図表1には、1980年からの大手電機メーカー8社(日立、東芝、三菱電機、NEC、富士通、パナソニック、ソニー、シャープ))の時価総額と、オリンピックが開催場所を示しました。2012年のロンドンで開催された時の時価総額は8兆円で、シドニー時点(2000年、37兆円))の1/5程度の水準です。直近の時価総額も少しは回復しましたが13兆円とバルセロナ時点(1992年))とほぼ同水準に留まります。

前向きな気づき

CEATECは自動車業界の助けを借りなくては成立しなくなっており、株価と同様に過去と比べると寂しい限りです。ただし、自動車や農業といった異業種との「掛け算」で成長を目指す動きが顕在化してきたことは、前向きな気づきでした。

日産が自動走行車を実演

今年の最大の目玉は日産が実演した自動走行車の実演でした。レーザーレーダーと車載カメラから得た情報とデモコースの情報をワークステーションが解析し、ハンドル、ブレーキを操作し、運転者の操作なし走る姿が日本で初めて公開されました。

日産は東京オリンピックが開催される2020年には実用化すると発表しているため、このテーマは、オリンピック関連としても株式市場で注目される可能性があります。

現時点で、私が注目しているのは9月30日にレポートを発行した日本セラミック(6929))です。今回、デモ車は低速走行を前提としている市街地用であったため、日本セラミックの超音波センサーは搭載されていませでしたが、8月にアメリカで公表した高速車には、ミリ波レーダーとともに、追加搭載されていたため、関連企業の一社と見ることができます。

インフラ協調型か自律型か?

自動車走行には「インフラ協調型」と「自律型」があり、前者はセンサーに加えGPSやビーコンから得られた情報も連携させたシステムで、トヨタが積極的です。一方、後者は、事前に取得した地図データとセンサーで制御するシステムで日産やグーグルなどが中心に進めています。
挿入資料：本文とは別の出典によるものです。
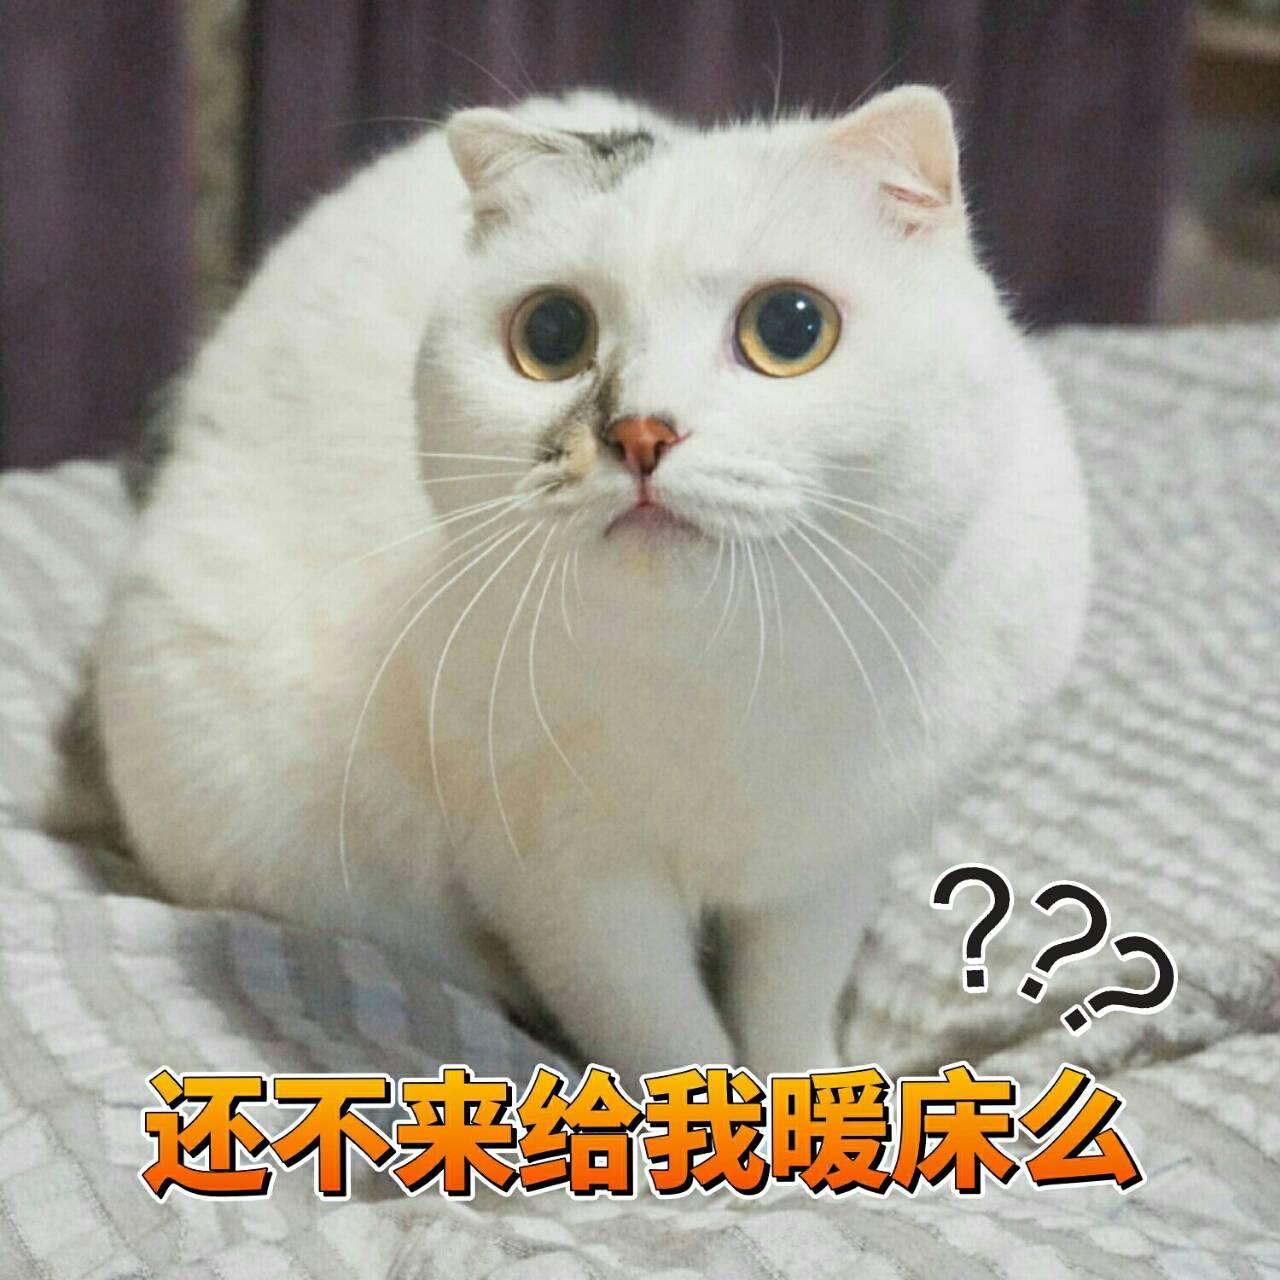 一组可爱表情表情的猫咪分享图蜜桃包可爱怎么画的图片

前者はインフラ整備に時間がかかるため、実用化は2020年以降になると見られます。ただし、トヨタも、自動駐車システムやプリクラッシュセーフティシステムを既に商用化しているため自動走行に対して後ろ向きということではないようです。超音波センサーは、これらにも採用されており、どちらの方式が主流になっても伸びシロが大きいと見ることできます。